J'étais dans un bar délabré et bruyant de Berlin, en train de discuter de 
choses intimes avec un ami. Mais à presque 7000 kilomètres de là, quelqu'un 
m'écoutait depuis son appartement à New York.

D'un simple SMS, cet espion avait activé à distance le micro de mon smartphone,
le transformant immédiatement en appareil d'écoute furtif. Cet exploit n'avait 
pas été rendu possible par un programme gouvernemental Top Secret ou par un 
bijou de technologie hors de prix. En vérité, n'importe qui peut faire la même 
chose pour à peine 150€.

Bienvenue dans l'industrie sauvage des outils d'espionnage en vente libre - de 
puissants logiciels malveillants pour ordinateurs et téléphones mobiles que les
compagnons jaloux, les concurrents ou les policiers véreux peuvent acheter sur 
Internet.

"Selon le prix que vous y mettez, vous pouvez vous retrouver avec un appareil 
qui fonctionne moyennement, ou quelque chose d'extrêmement puissant", m'a 
expliqué mar téléphone Yalkin Demirkaya, président de Cyber Diligence et 
enquêteur, qui a travaillé sur des affaires impliquant ce type de logiciels. 
Demirkaya a déjà entendu parler de cabinets d'avocats qui utilisaient des 
outils d'espionnage pour voler des informations sensibles à d'autres cabinets, 
et il a déjà traité une vingtaine de cas dans lesquels il était question 
d'outils d'espionnage en vente libre, sur ordinateur ou sur mobile.

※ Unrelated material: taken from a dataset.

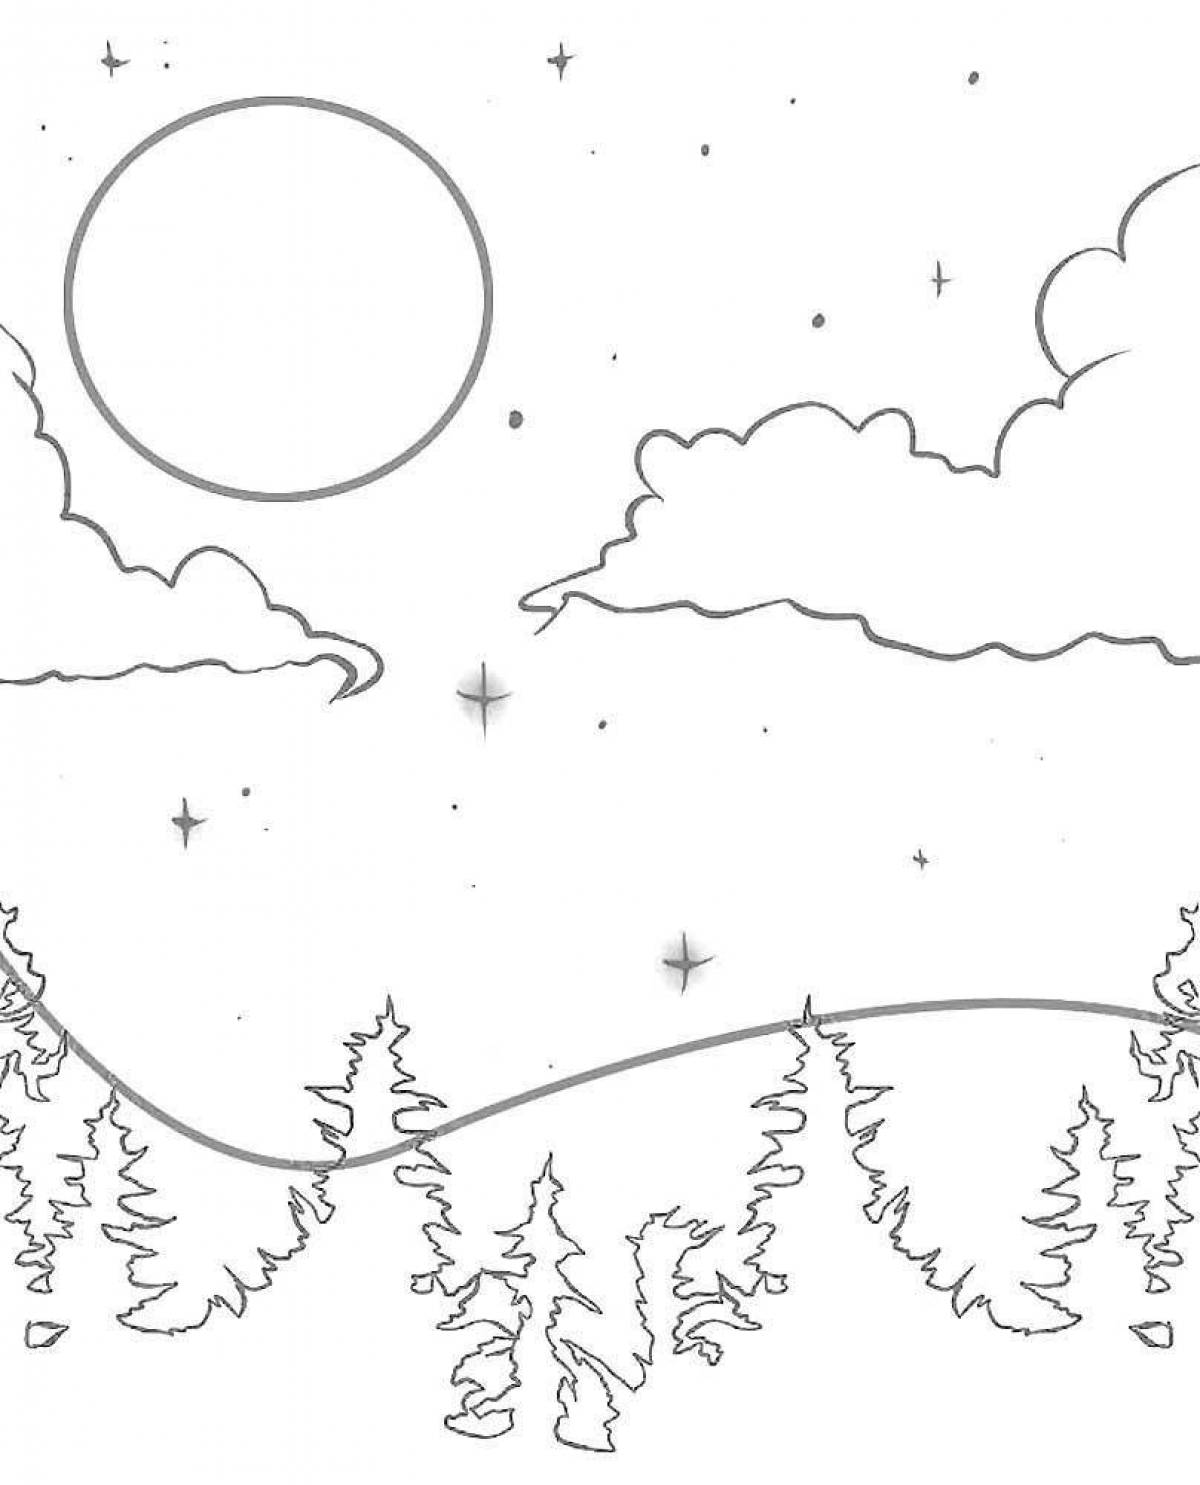 Awesome sky coloring page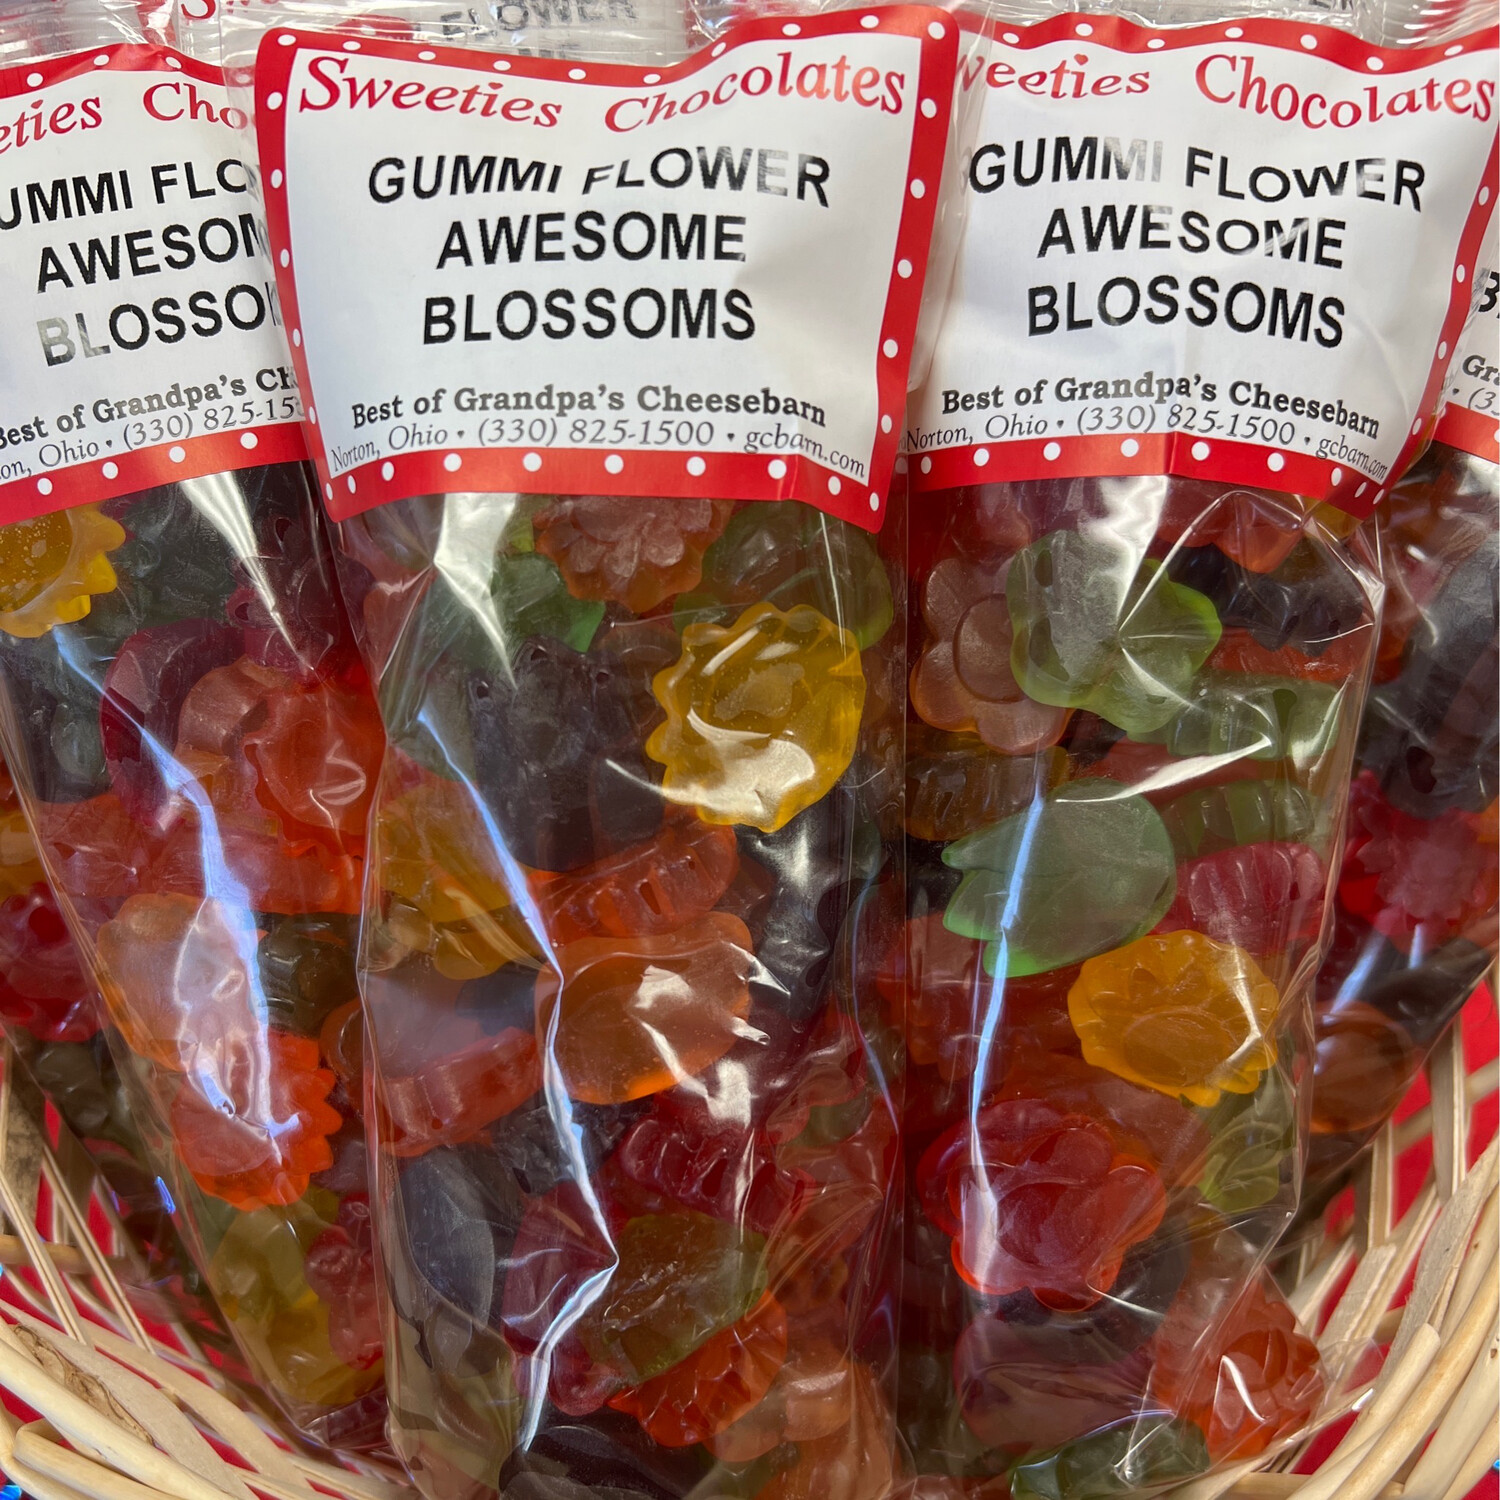 SweetGourmet Awesome Blossoms Spring Flower Gummy Candy | 2 Pounds

Pour mieux comprendre à quel point ces logiciels sont puissants, j'ai acheté un
logiciel capable conçu pour infecter les appareils Android - SpyPhone Android 
Rec Pro, vendu par une entreprise polonaise. L'entreprise s'adresse avant tout 
aux détectives, mais visiblement n'importe qui peut se fournir sur leur site 
web ; le site propose aussi de quoi cracker des téléphones en contournant le 
mot de passe.

SpyPhone Android Rec Pro enregistre des copies de tous les SMS envoyés ou reçus
par le téléphone infecté, sauvegarde le journal des appels, vole toutes les 
photos prises par l'appareil, et indique où se trouve le téléphone à 5 mètres 
près grâce à un GPS. Il envoie ensuite toutes ces informations à l'adresse 
e-mail de votre choix, à la fréquence que vous souhaitez (une fois par jour ou 
toutes les heures, par exemple). Comme son nom l'indique, le logiciel 
intercepte également tous les appels entrants ou sortants et, comme je le 
disais, permet d'activer à distance le micro de l'appareil. En revanche, le SMS
"d'activation" est visible sur l'appareil ciblé, ce qui peut potentiellement 
alerter la victime pour peu qu'elle soit méfiante.

(Pour des raisons légales, j'ai informé tous mes interlocuteurs que nos 
conversations étaient espionnées.)

Juste après avoir passé commande, la compagnie m'a envoyé un e-mail contenant 
un lien de téléchargement du logiciel, une facture, et un manuel d'utilisateur.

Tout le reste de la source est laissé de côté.